Unsupervised learning refers to data science approaches that involve learning without a prior knowledge about the classification of sample data. In Wikipedia, unsupervised learning has been described as “the task of inferring a function to describe hidden structure from ‘unlabeled’ data (a classification of categorization is not included in the observations)”. The overarching objectives of this post were to evaluate and understand the co-occurrence and/or co-expression of emotion words in individual letters, and if there were any differential expression profiles /patterns of emotions words among the 40 annual shareholder letters? Differential expression of emotion words was being used to refer to quantitative differences in emotion word frequency counts among letters, as well as qualitative differences in certain emotion words occurring uniquely in some letters but not present in others.

The dataset

This is the second part to a companion post I have on “parsing textual data for emotion terms”. As with the first post, the raw text data set for this analysis was using Mr. Warren Buffett’s annual shareholder letters in the past 40-years (1977 – 2016). The R code to retrieve the letters was from here.

## Retrieve the letters
library(pdftools)
library(rvest)
library(XML)
# Getting & Reading in HTML Letters
urls_77_97 <- paste('http://www.berkshirehathaway.com/letters/', seq(1977, 1997), '.html', sep='')
html_urls <- c(urls_77_97,
'http://www.berkshirehathaway.com/letters/1998htm.html',
'http://www.berkshirehathaway.com/letters/1999htm.html',
'http://www.berkshirehathaway.com/2000ar/2000letter.html',
'http://www.berkshirehathaway.com/2001ar/2001letter.html') letters_html <- lapply(html_urls, function(x) read_html(x) %>% html_text())
# Getting & Reading in PDF Letters
urls_03_16 <- paste('http://www.berkshirehathaway.com/letters/', seq(2003, 2016), 'ltr.pdf', sep = '')
pdf_urls <- data.frame('year' = seq(2002, 2016),
'link' = c('http://www.berkshirehathaway.com/letters/2002pdf.pdf', urls_03_16))
download_pdfs <- function(x) {
myfile = paste0(x['year'], '.pdf')
download.file(url = x['link'], destfile = myfile, mode = 'wb')
return(myfile)
}
pdfs <- apply(pdf_urls, 1, download_pdfs)
letters_pdf <- lapply(pdfs, function(x) pdf_text(x) %>% paste(collapse=" "))
tmp <- lapply(pdfs, function(x) if(file.exists(x)) file.remove(x))
# Combine letters in a data frame
letters <- do.call(rbind, Map(data.frame, year=seq(1977, 2016), text=c(letters_html, letters_pdf)))
letters$text <- as.character(letters$text)

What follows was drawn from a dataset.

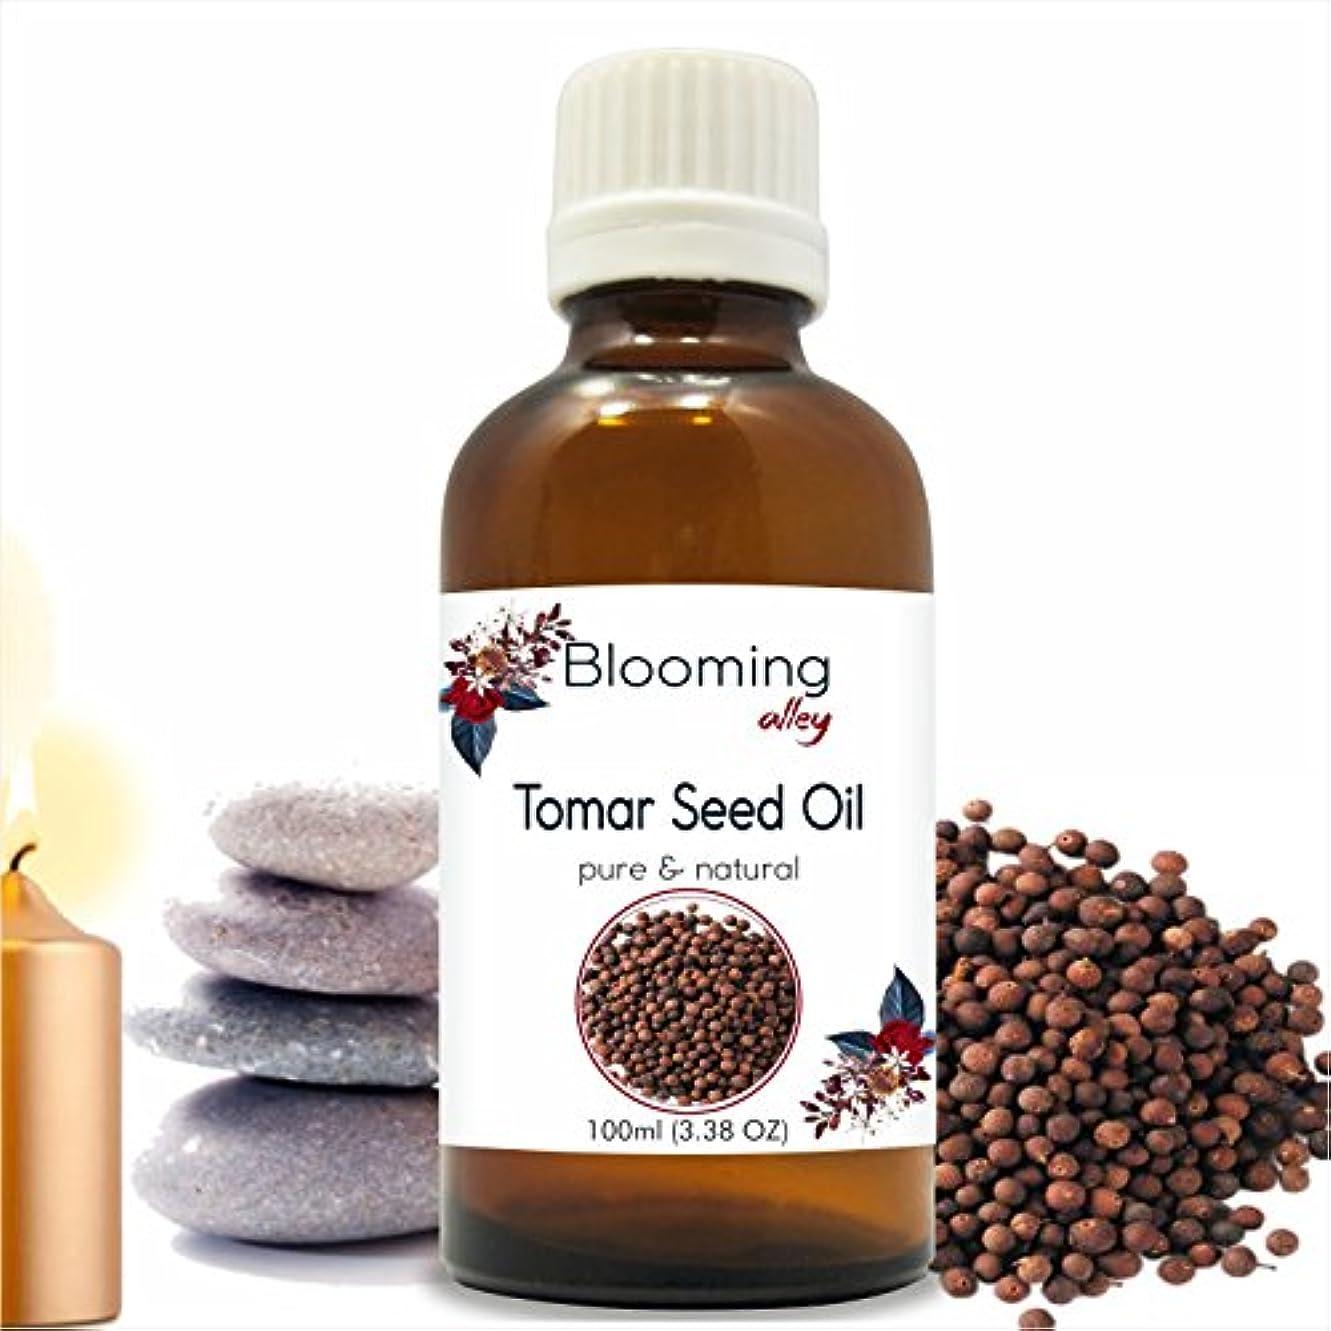 評議会スコットランド人財産Tomarseed Oil(Zanthozylum Armathum) Essential Oil 100 ml or 3.38 Fl Oz by Blooming Alley

Analysis of emotions terms usage

## Load additional required packages
require(tidyverse)
require(tidytext)
require(gplots)
require(SnowballC)
require(sqldf)
theme_set(theme_bw(12))
### pull emotion words and aggregate by year and emotion terms emotions <- letters %>%
unnest_tokens(word, text) %>%
anti_join(stop_words, by = "word") %>%
filter(!grepl('[0-9]', word)) %>%
left_join(get_sentiments("nrc"), by = "word") %>%
filter(!(sentiment == "negative" | sentiment == "positive")) %>%
group_by(year, sentiment) %>%
summarize( freq = n()) %>%
mutate(percent=round(freq/sum(freq)*100)) %>%
select(-freq) %>%
spread(sentiment, percent, fill=0) %>%
ungroup()
## Normalize data
sd_scale <- function(x) {
(x - mean(x))/sd(x)
}
emotions[,c(2:9)] <- apply(emotions[,c(2:9)], 2, sd_scale)
emotions <- as.data.frame(emotions)
rownames(emotions) <- emotions[,1]
emotions3 <- emotions[,-1]
emotions3 <- as.matrix(emotions3)
## Using a heatmap and clustering to visualize and profile emotion terms expression data heatmap.2(
emotions3,
dendrogram = "both",
scale = "none",
trace = "none",
key = TRUE,
col = colorRampPalette(c("green", "yellow", "red"))
)

Heatmap and clustering:

The colors of the heatmap represent high levels of emotion terms expression (red), low levels of emotion terms expression (green) and average or moderate levels of emotion terms expression (yellow).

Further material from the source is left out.